Peter L. Salgo, MD: I want to bring it back full circle then, which goes to what I was saying. You can be colonized with pseudomonas, but in order to get an invasive infection with pseudomonas, don’t you need to be sicker? Don’t you need to be one of those patients who’s already, in some way, really ill? Or can you just get pseudomonas out of the blue?
Marin Hristos Kollef, MD: Generally, healthy patients in the community don’t develop pseudomonal infection for the most part. There may be a few exceptions to that rule, but to develop a true pseudomonal infection, it really requires certain host factors. I think that’s what we’ve been commenting on.
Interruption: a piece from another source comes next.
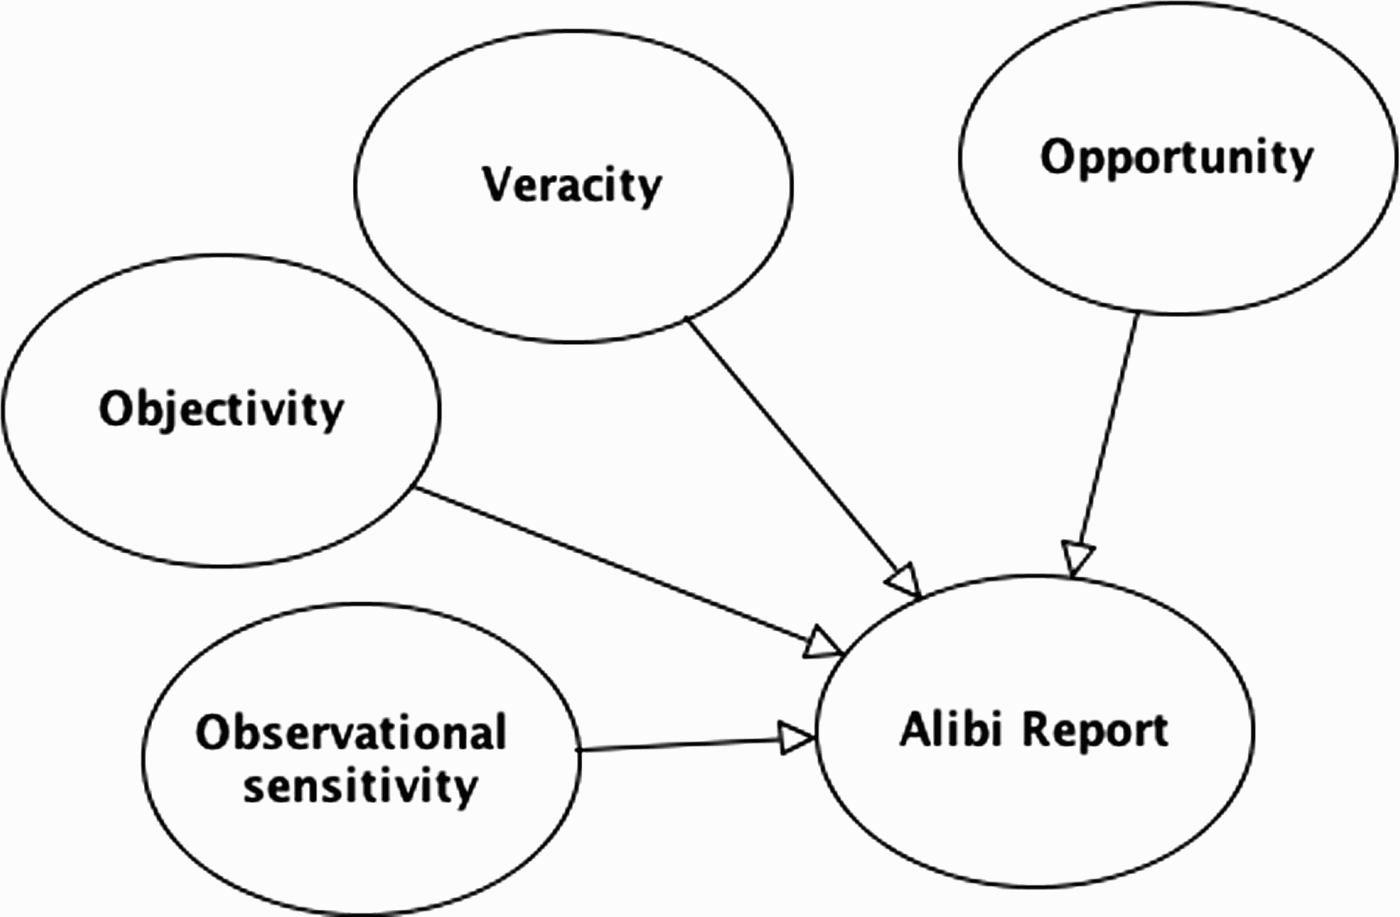 BN idiom for three components of reliability: observational sensitivity, objectivity and veracity. Note in this model the evidence report concerns the question of opportunity.

Peter L. Salgo, MD: Right.
Marin Hristos Kollef, MD: In addition to the host factors, I think it is important to recognize that it’s a very virulent organism, and I think the audience really needs to be clear on that particular point. Because it’s a virulent organism and it has certain virulent mechanisms in place, antibiotic therapy does become important. We don’t have mechanisms for treating the virulence of the pathogen, so we have to really err on the side of treating it with an appropriate antibiotic regimen.
Peter L. Salgo, MD: Death to bugs; death to pseudomonas.
Marin Hristos Kollef, MD: Death to pseudomonas, but focusing on the antimicrobial aspect of it, since we have limited options for tackling the virulence factors.
Peter L. Salgo, MD: Right.
Andrew Shorr, MD: More importantly, focusing on prevention. There are things that we can do to prevent severe infection in our critically ill patients, whether it’s early ambulation, early liberation from the ventilator, less sedation, or chlorhexidine bathing. One place where we take infection prevention very seriously in the hospital is actually the ICU, where we have bundles of protocols that are evidence based and have been shown in randomized trials to effectively prevent some severe infections. And so, if you’re going to work in an environment where you know it’s enriched for the risk and bad outcomes associated with the bug you’re describing, then it’s incumbent upon all of us to actually start this conversation at, what are we doing for prevention?

Peter L. Salgo, MD: You want to back off. Before we even talk about antibiotics, if we could prevent people from becoming infected—or if they’re colonized, we could prevent it from becoming invasive—that’s the ideal.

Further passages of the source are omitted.